Not when I was a child. Back then the Alpha of Creemore had ruled his small fiefdom
with vigilance and pride. If one of the Danvers kids tossed a ball through a glass
window, he knew of it before the glazier had a chance to back his truck out of his
garage. Yeah, Jacob Trowbridge had been Big Daddy all right, but his eyes had never
strayed beyond his own turf. In a wolf’s world, personal territory was everything.
It meant you got squinty-eyed with visitors, careful with your words around humans
(even around those half-Fae mutts), and humorlessly insular. Possessive to the extreme.

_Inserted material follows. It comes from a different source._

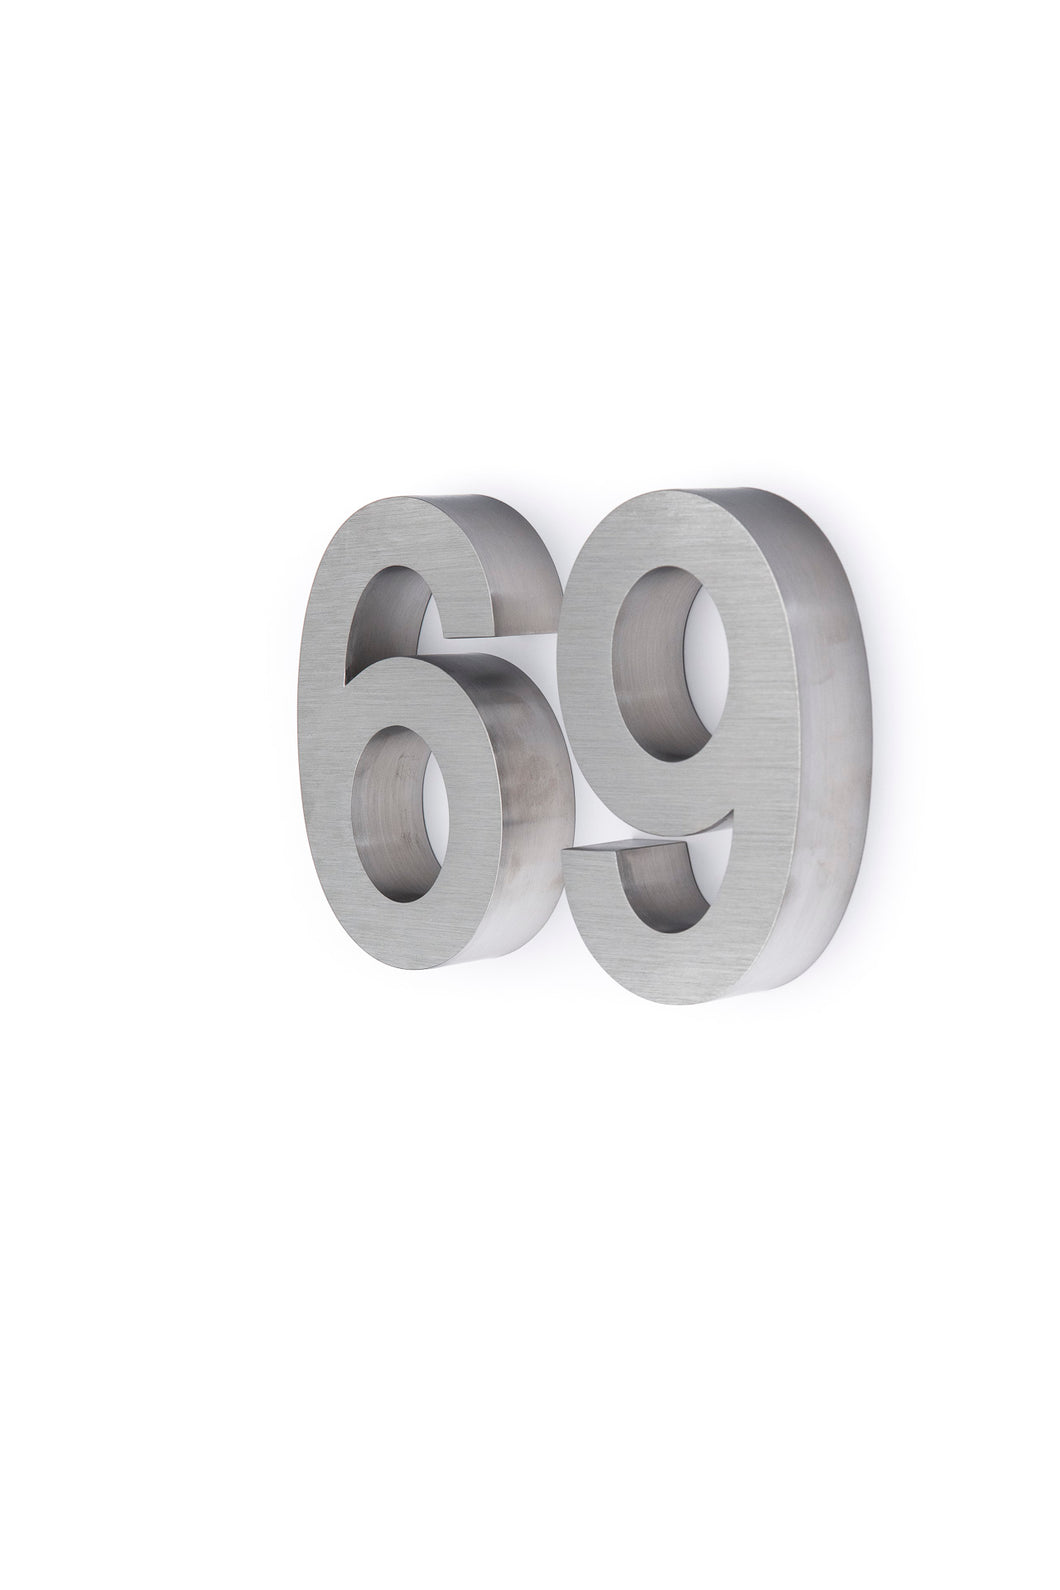 6 Inch 3D Stainless Steel House Number Six/Nine

Put bluntly, you peed on every bush in your parish, and that pungent flag said, “Hey,
don’t go any farther. This is my woods, my street, my woman.” That’s how they got
along and avoided conflict—Weres respected one another’s boundaries. I couldn’t wrap
my head around the concept of all of Ontario being united. Why? Why would all those
little packs living hundreds of miles from Creemere ever have chosen to relinquish
their territory to another Alpha? Unless, of course, I realized with a start, it hadn’t
been voluntary.
There must have been bloodshed for that to come about,
I thought uneasily.
Lots of it
. “So then who is your Alpha? If he’s so strong, it won’t make any difference if I
know who he is.”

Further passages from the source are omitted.